Sheela-na-gig, Ballymacgibbon, Co. Mayo
Co. Mayo |
Ecclesiastical Sites
A medieval stone carving of a sheela-na-gig, one of those confrontational, sexually explicit female figures found on Irish churches and castles whose precise purpose remains debated by scholars, has had a quietly eventful afterlife in County Mayo.
The figure now sits in the porch of the modern Roman Catholic church in Cross village, a setting that feels both incongruous and oddly fitting for a carving with such a long and complicated relationship with Christian architecture.
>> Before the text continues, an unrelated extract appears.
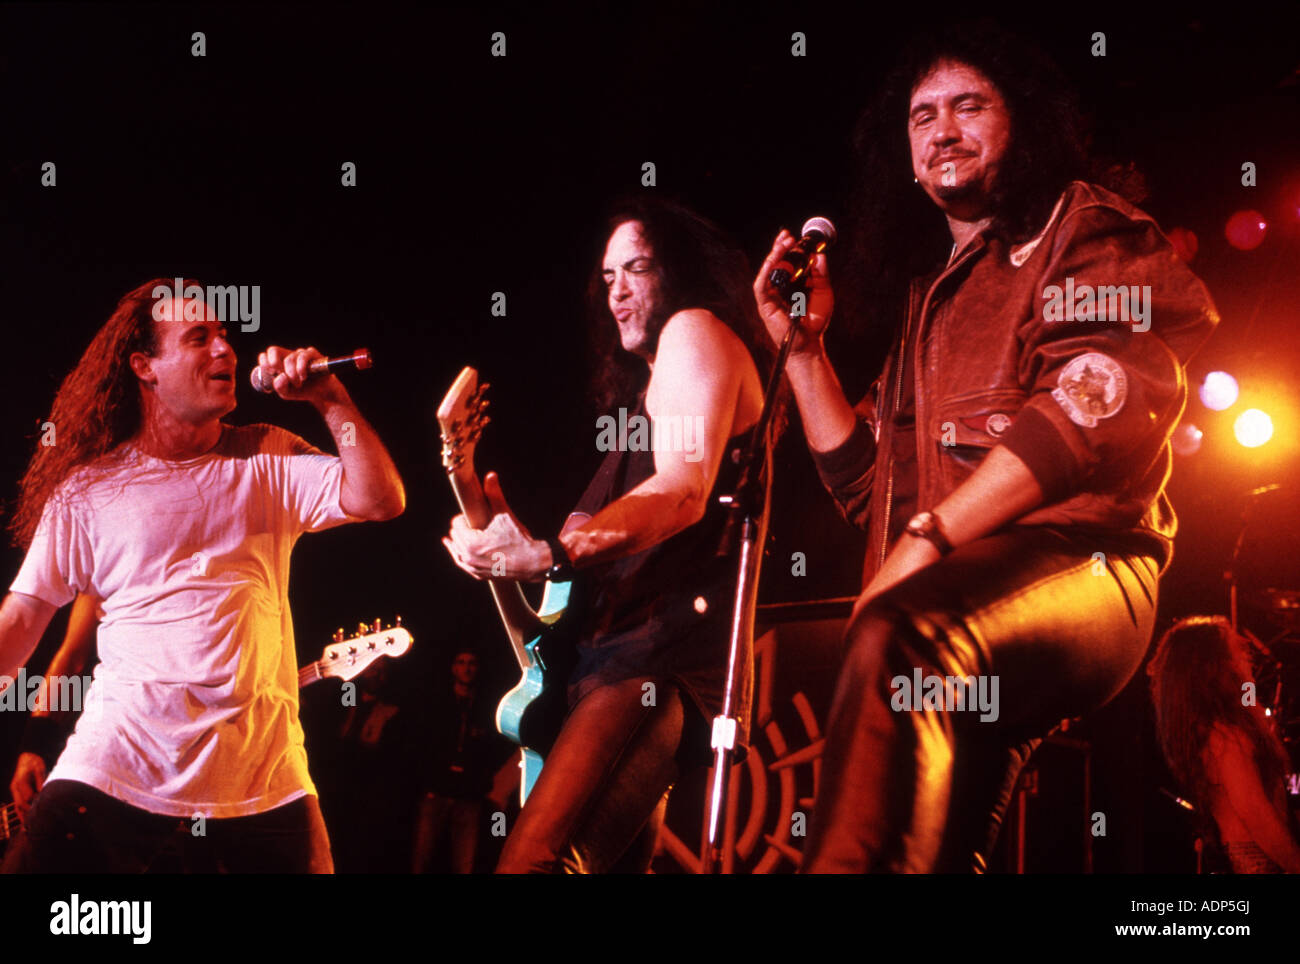 ANTHRAX - US rock group about 1989 Stock Photo

The sheela-na-gig was originally positioned in Killursagh church, where it would have occupied the kind of liminal architectural space these carvings typically favour. By 1867, when the antiquarian William Wilde recorded it as a stone figure carved in relief, it had already been removed from the church and built into a nearby coach house, a fate that was not unusual for sculptures considered embarrassing or simply inconvenient by later generations. The 1968 publication by O Lochlainn preserved Wilde's account, keeping the carving in the scholarly record even as its physical location remained uncertain. It was not until 2012 that new information confirmed both the carving's identity as a sheela-na-gig and its current whereabouts in the church porch at Cross village, a journey from medieval ecclesiastical stonework to coach house wall to modern porch entrance that spans several centuries and a fair amount of institutional amnesia.